Macs maintain their resale value better than regular priced (aka overpriced) PCs, but they don't do as well as best possible price PCs. High end machines always lose value much faster than mid range or discount gear.

The way to get performance/dollar without knowing much about computers is to follow online forums like fatwallet or redflagdeals, and jump on the best Dell one day only special you find. That machine will probably be resalable in a year for ~80% of it's purchase price. Hell, sometimes that machine is resalable the next day for a profit :P
posted by Chuckles at 9:44 PM on February 14, 2008


Response by poster: Thanks for all the thoughtful replies. I ask about Macs cuz that's what I will always use, but it's good to hear opinions about the timing. It's not all about cost, I know I won't totally break even, but I'd like to minimize costs and maximize cool toy time.

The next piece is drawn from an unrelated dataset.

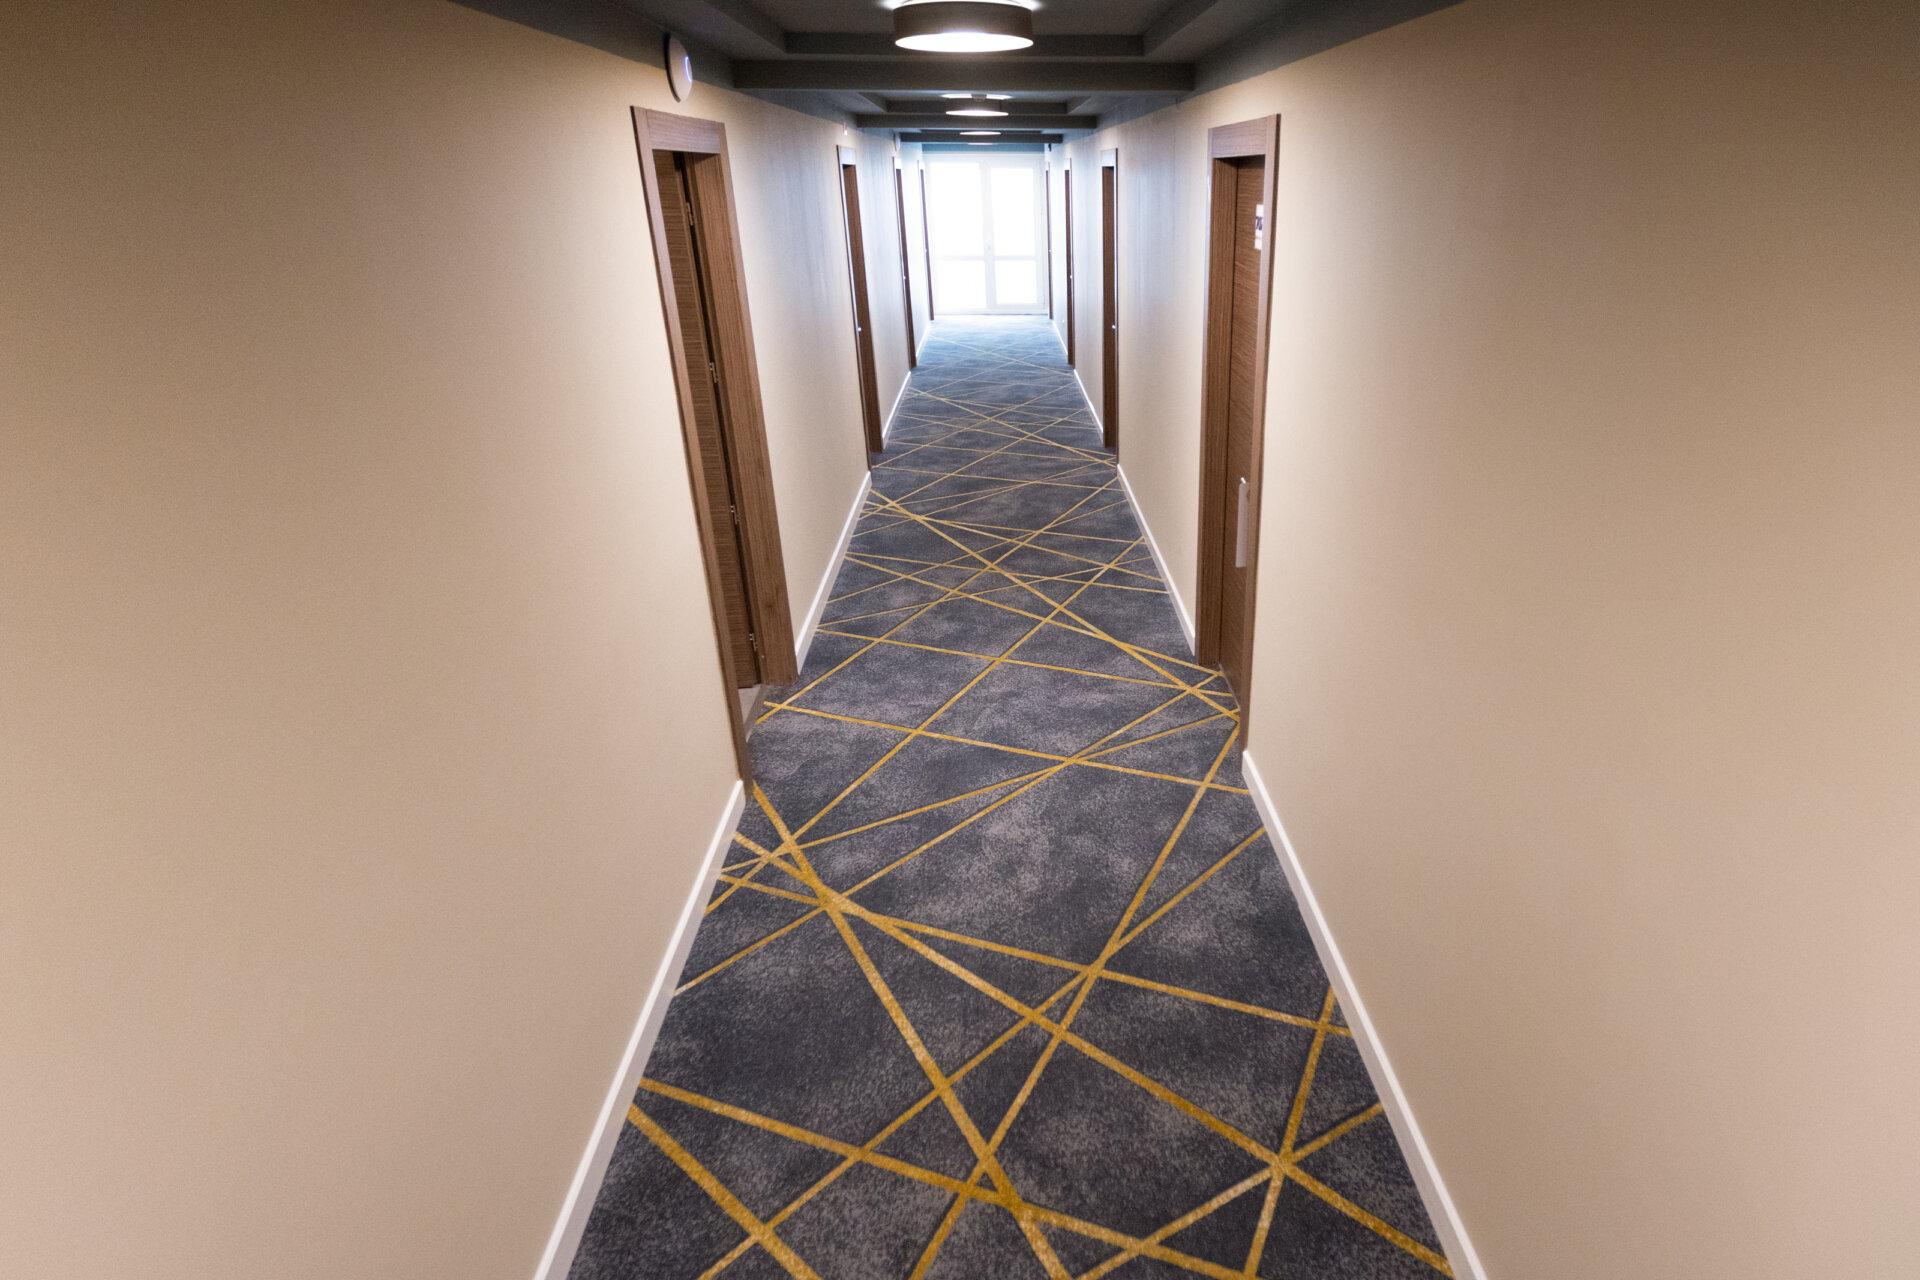 20210609-carpet&more-mercure-hotel-galati-by-hugmedia-14
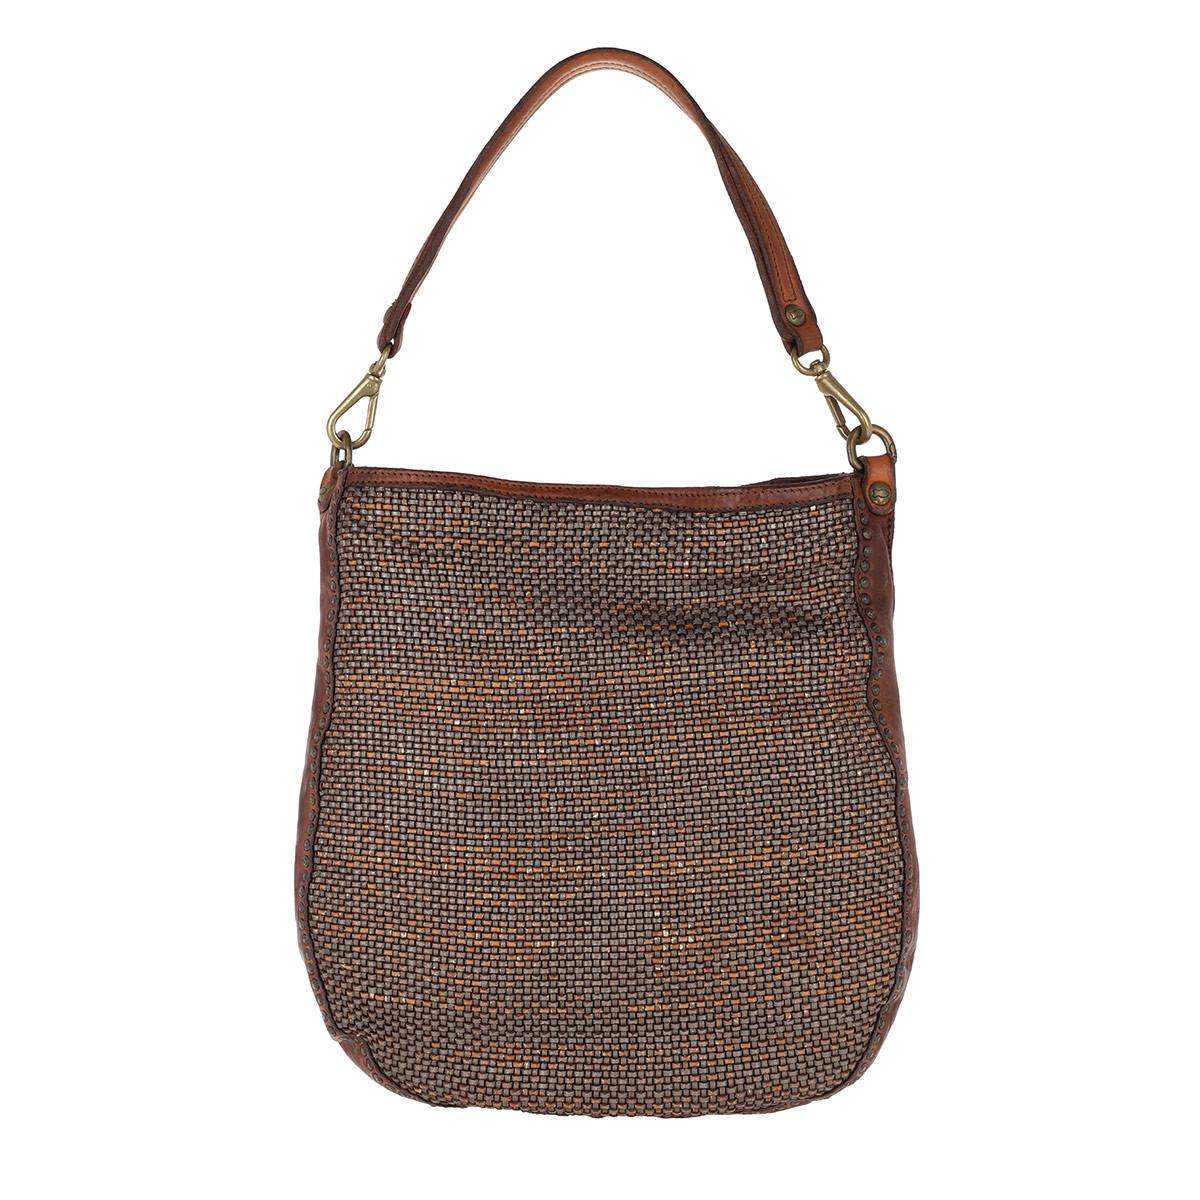 92e8570d7a7b Campomaggi Leather Hobo Bag Acciaio cognac in Brown - Lyst

So it sounds like maybe it's best to get a very good, not cutting edge refurb/edu MacBookPro or the like, beef up the RAM through a 3rd party vendor and sell it again in 18 months or so. Is that a sort of rough consensus? That way you have a very usable, almost top of the line computer that you didn't over-pay for but sell it before it depreciates too much.
posted by moedym at 5:40 PM on February 15, 2008


The calculation is not as simple as some are making it out to be. It depends on how quickly the basic design of the computer becomes obsolete. A five year old G4-based Powerbook is a doorstop if you need to use current software that requires an Intel machine. Apparently, that's not the case, but you definitely want to sell before major new design changes emerge -- processor, especially.

You also need to figure out the economic value of the productivity cost of running an older machine. In my universe, using a more-than-two-year-old Mac costs money every day I do it by comparison to the speed (and software compatibility) of a new machine. So for people in my universe, buying a new machine every year is the most economically rational thing to do. The question of resale value is a trivial concern vs. the day-to-day amortization of productivity costs.

Penny wise can be pound foolish, as they say.